For now, borrowers can use a home equity loan or personal loan to consolidate and pay off high-interest credit cards.

The average interest rate on personal loans is down to 10.77% and a home equity line of credit is as low as 4.24%, according to Bankrate.

When it comes to college debt, even student borrowers are getting a break thanks to the CARES Act, which paused federal student loan repayment through September.

This is a great time to stay up-to-date on payments, McBride said. “With no interest accumulating on federal student loans, you can really make a big dent in the principle,” he said.

Savers need to be resourceful

Anyone stashing cash will have a harder time leveraging low interest rates to their advantage.

Although the Fed has no direct influence on deposit rates, those tend to be correlated to changes in the target federal funds rate, and, as a result, savers are earning next to nothing on their cash.

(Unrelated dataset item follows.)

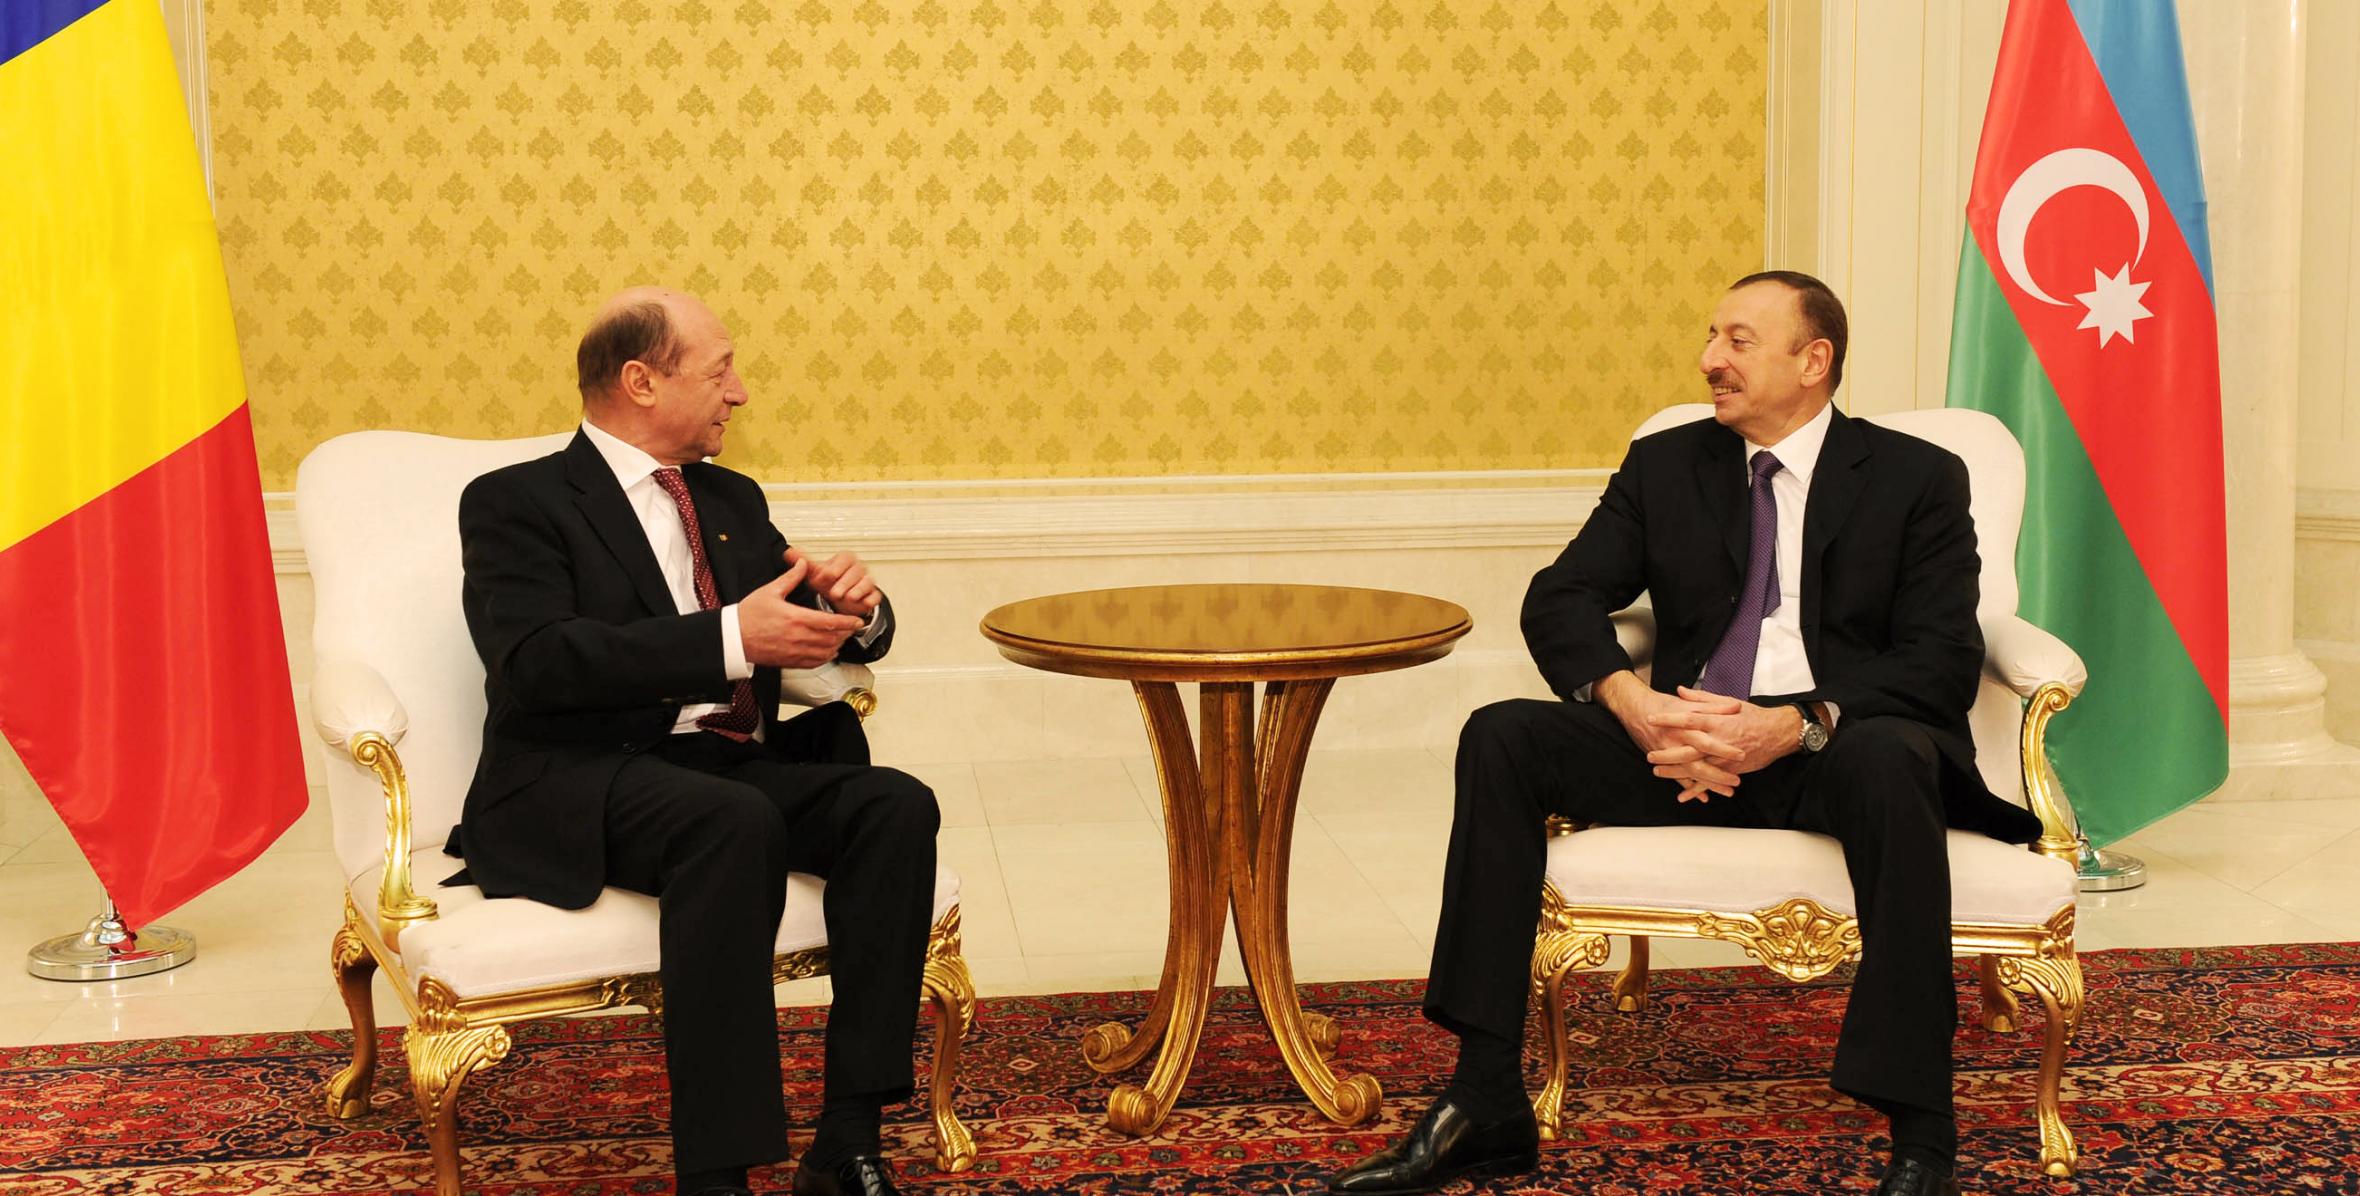 Ilham Aliyev held a private meeting with President of Romania Traian Băsescu

Since March 2020 when the Fed cut its benchmark rate to near zero, the average online savings account yield has fallen from 1.75% to 0.45%, according to founder Ken Tumin.

At some of the largest retail banks, the average savings account rate is even lower, down to a mere 0.06%, or less.

“In addition to Fed policy, the record level of deposits at banks along with weak loan demand has contributed to record-low deposit rates,” Tumin said. “This will likely be a headwind on deposit rates even after the Fed begins to raise its benchmark rate,” he added.

When the inflation rate is higher than savings account rates, the money in savings loses purchasing power over time. 

Investors concerned about inflation eroding the value of their money may want to be more proactive when it comes to the fixed income portion of their portfolios.

One of the ways to do that is with Treasury inflation-protected securities. Stocks and mutual funds will also beat inflation over the long haul, but that will require taking on more risk — at a particularly precarious time, according to HYCM chief currency analyst Giles Coghlan.

While equity investments have increased in value over recent months as global indices hit unprecedented levels, that’s largely due to the support they have found in loose monetary policy, Coghlan noted.

Once the Fed signals an end to their easy monetary policy stance, “then equity markets will fall, which will affect those with holdings in this market.”

“Diversify across a range of investments that would fare well under different circumstances,” Columbia’s Ma advised. “Some protection is good,” she said, but don’t “put all the eggs in the basket of high inflation.”